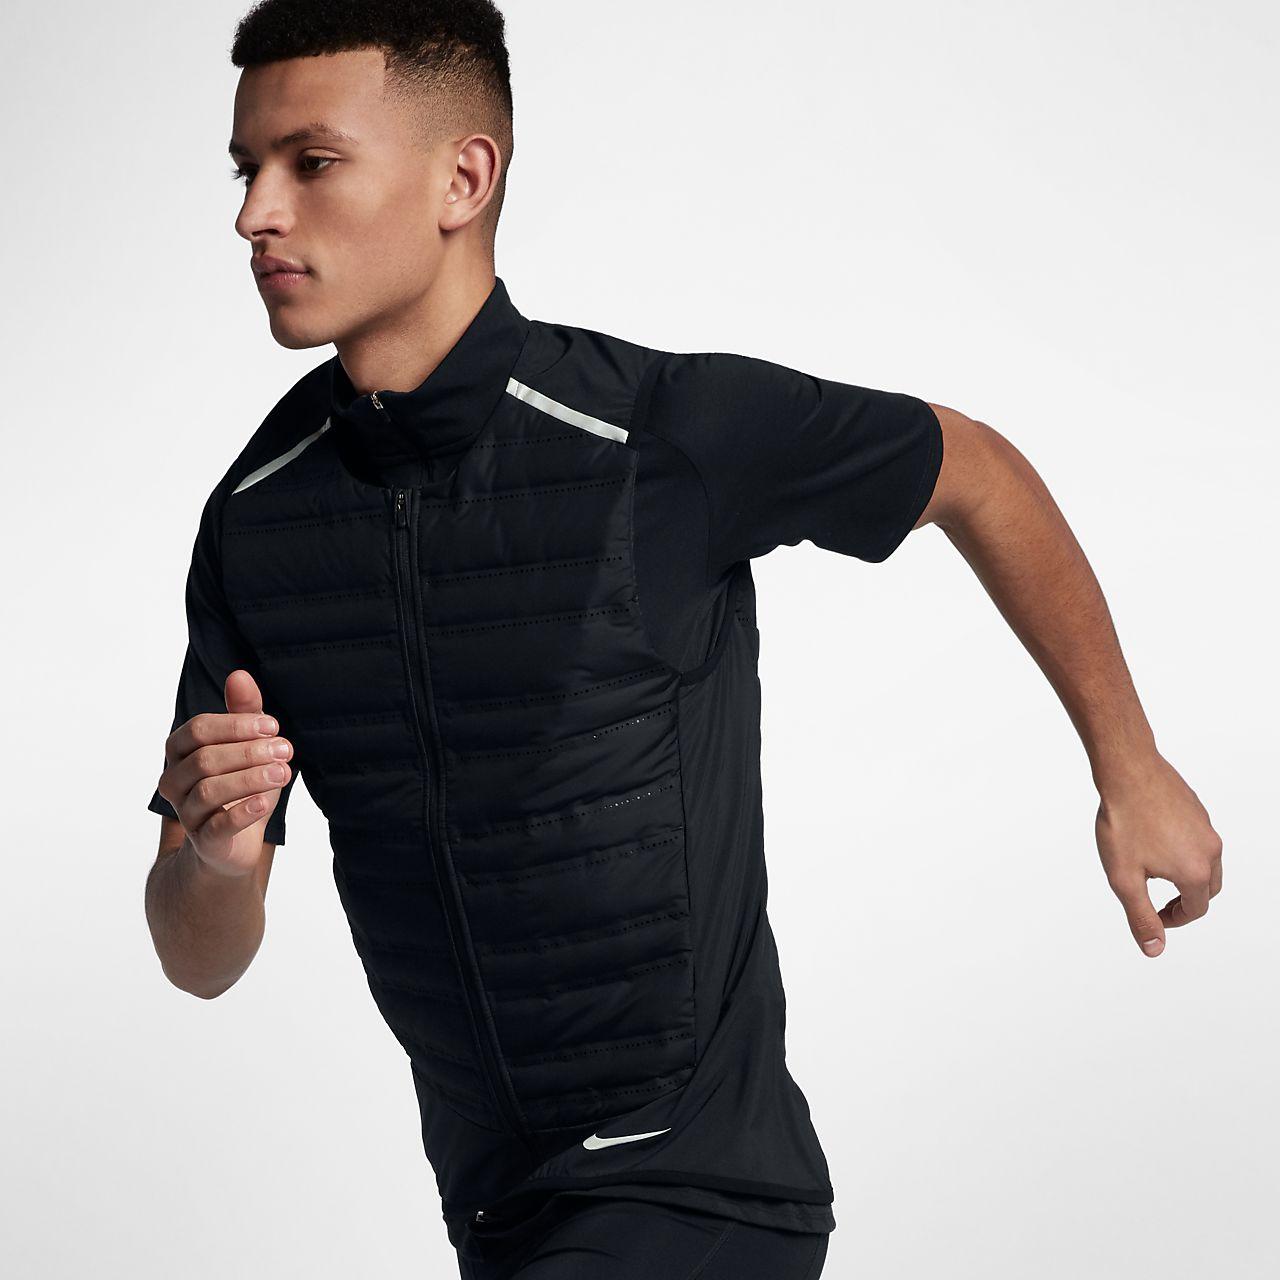 Ανδρικό αμάνικο τζάκετ για τρέξιμο Nike AeroLoft
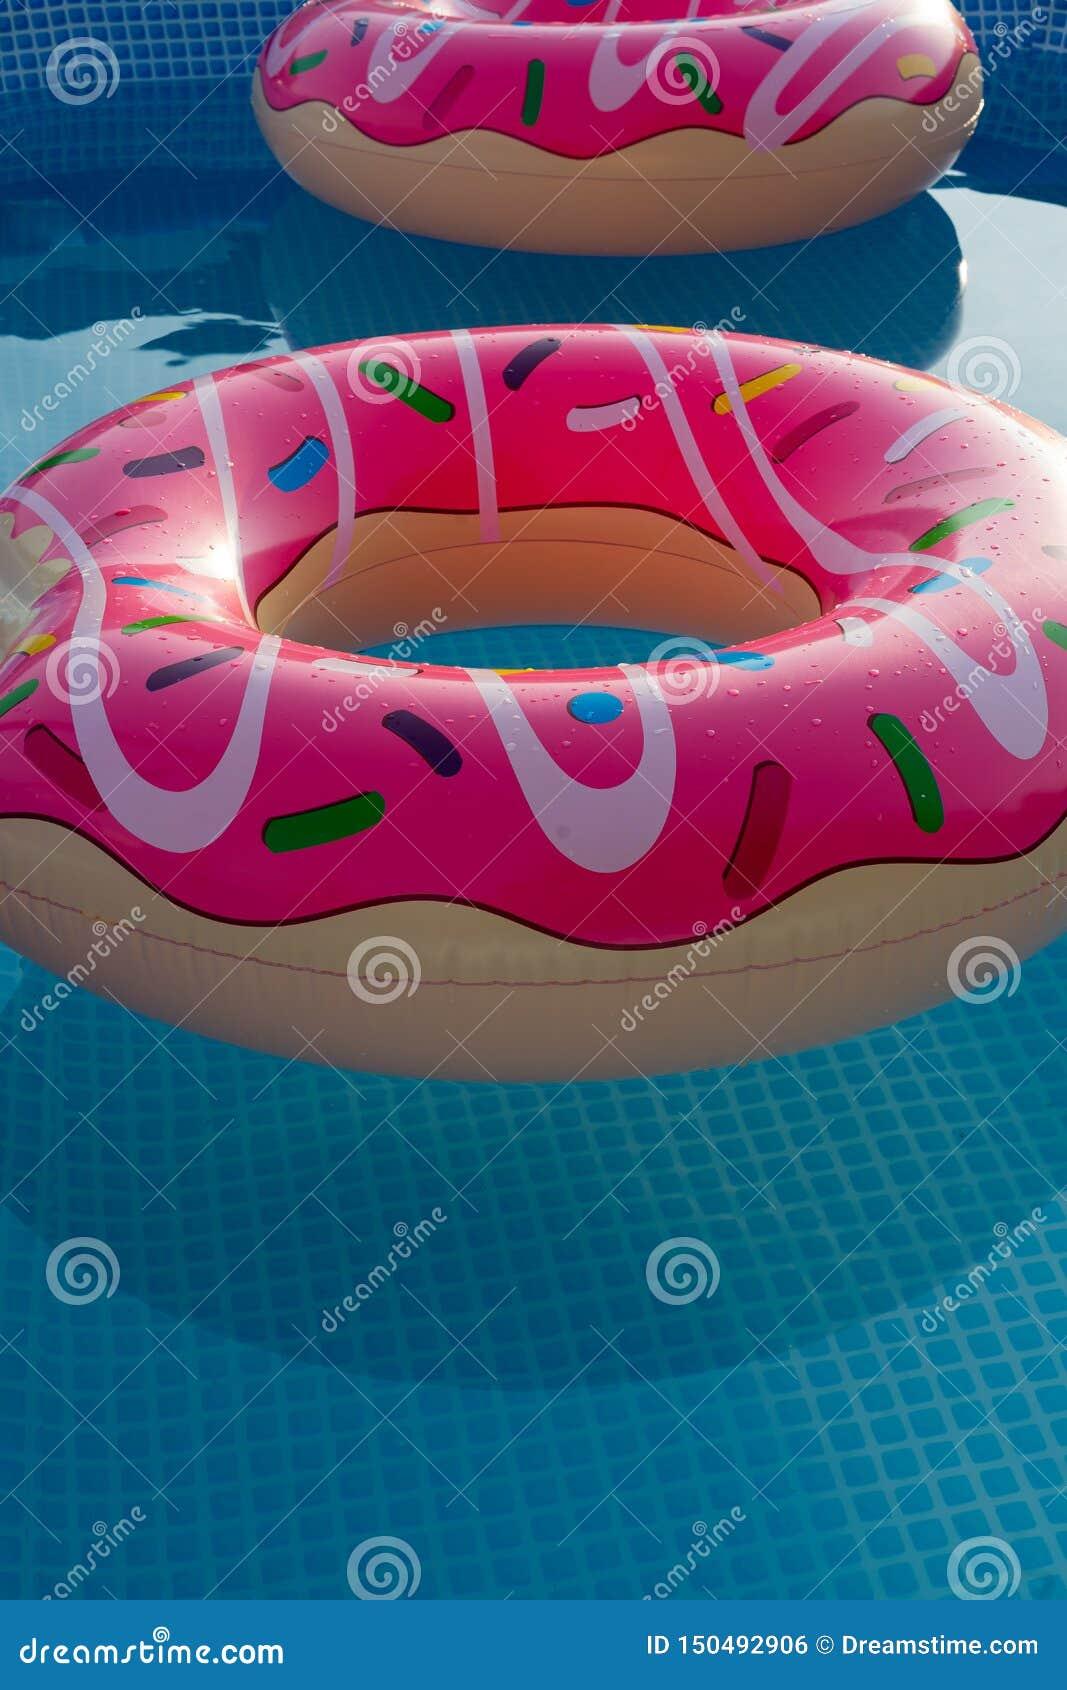 Anillos inflables en la piscina de la casa para los niños
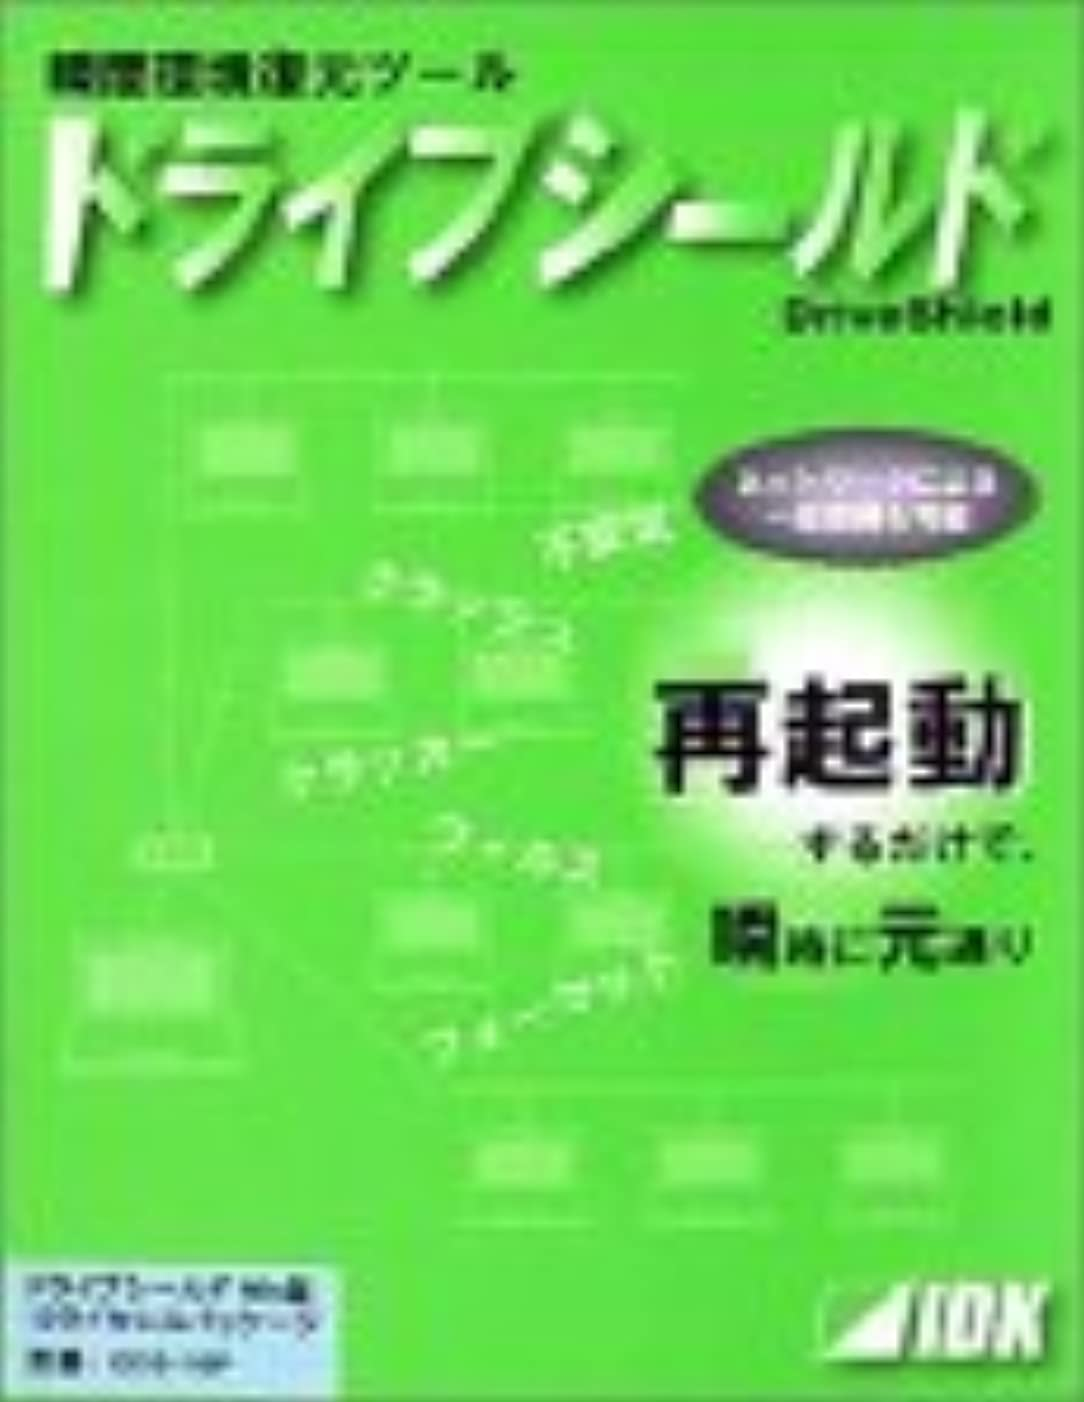 損失ライター表面ドライブシールド Winidows版 10ライセンスパッケージ
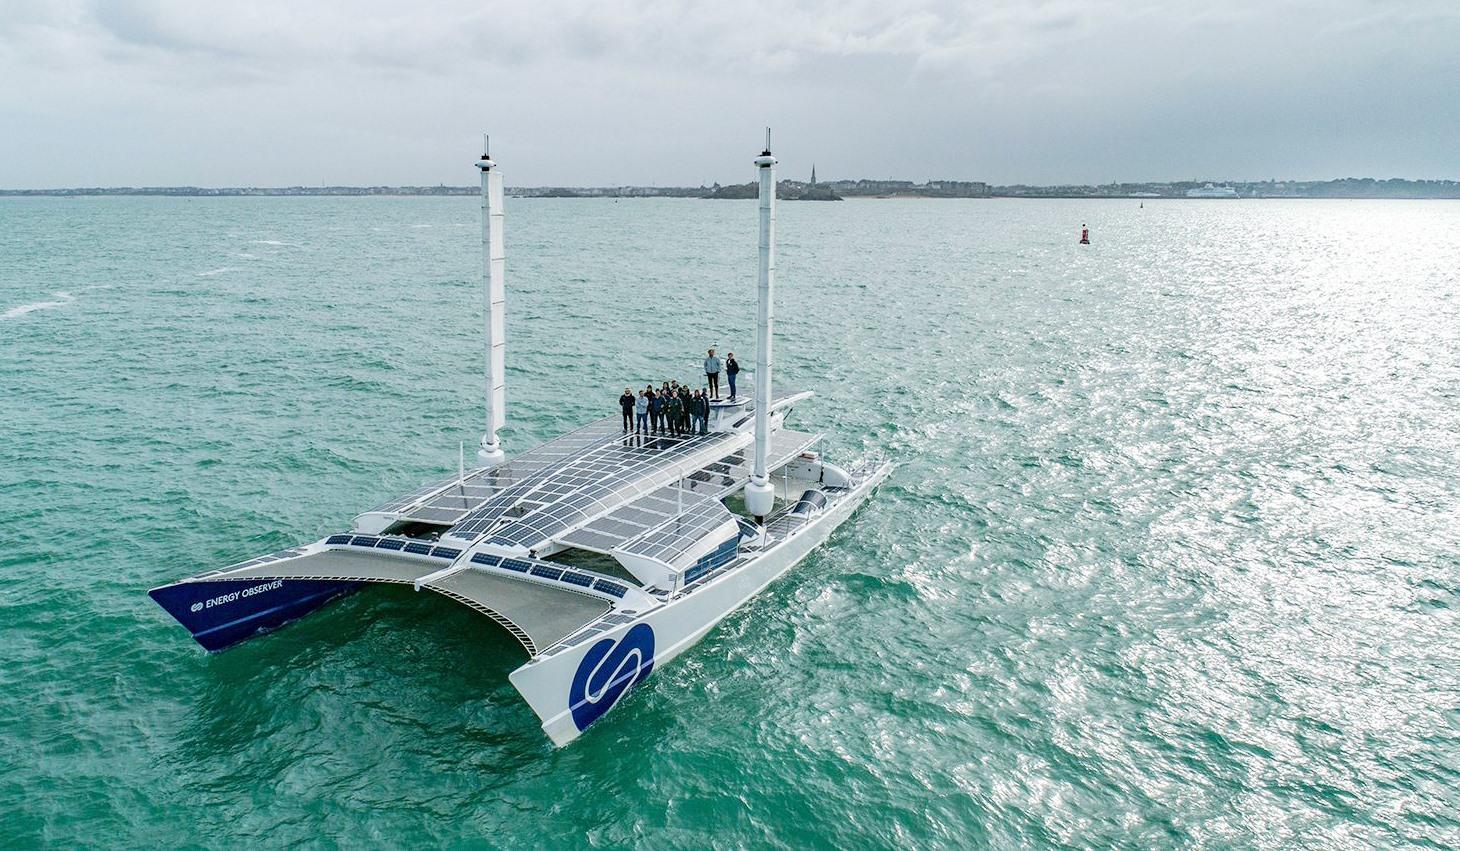 Con tàu Energy Observer chạy bằng năng lượng hydro đầu tiên trên thế giới. Ảnh: boatinternational

● ● ● ●

→ **How to complete this task**
Working from the line that contains "Anillos inflables en" to the last line of the listing, please quote each line exactly, pictures excluded.

→ **Response to this task**
 Anillos inflables en la piscina de la casa para los niños
 損失ライター表面ドライブシールド Winidows版 10ライセンスパッケージ
 Con tàu Energy Observer chạy bằng năng lượng hydro đầu tiên trên thế giới. Ảnh: boatinternational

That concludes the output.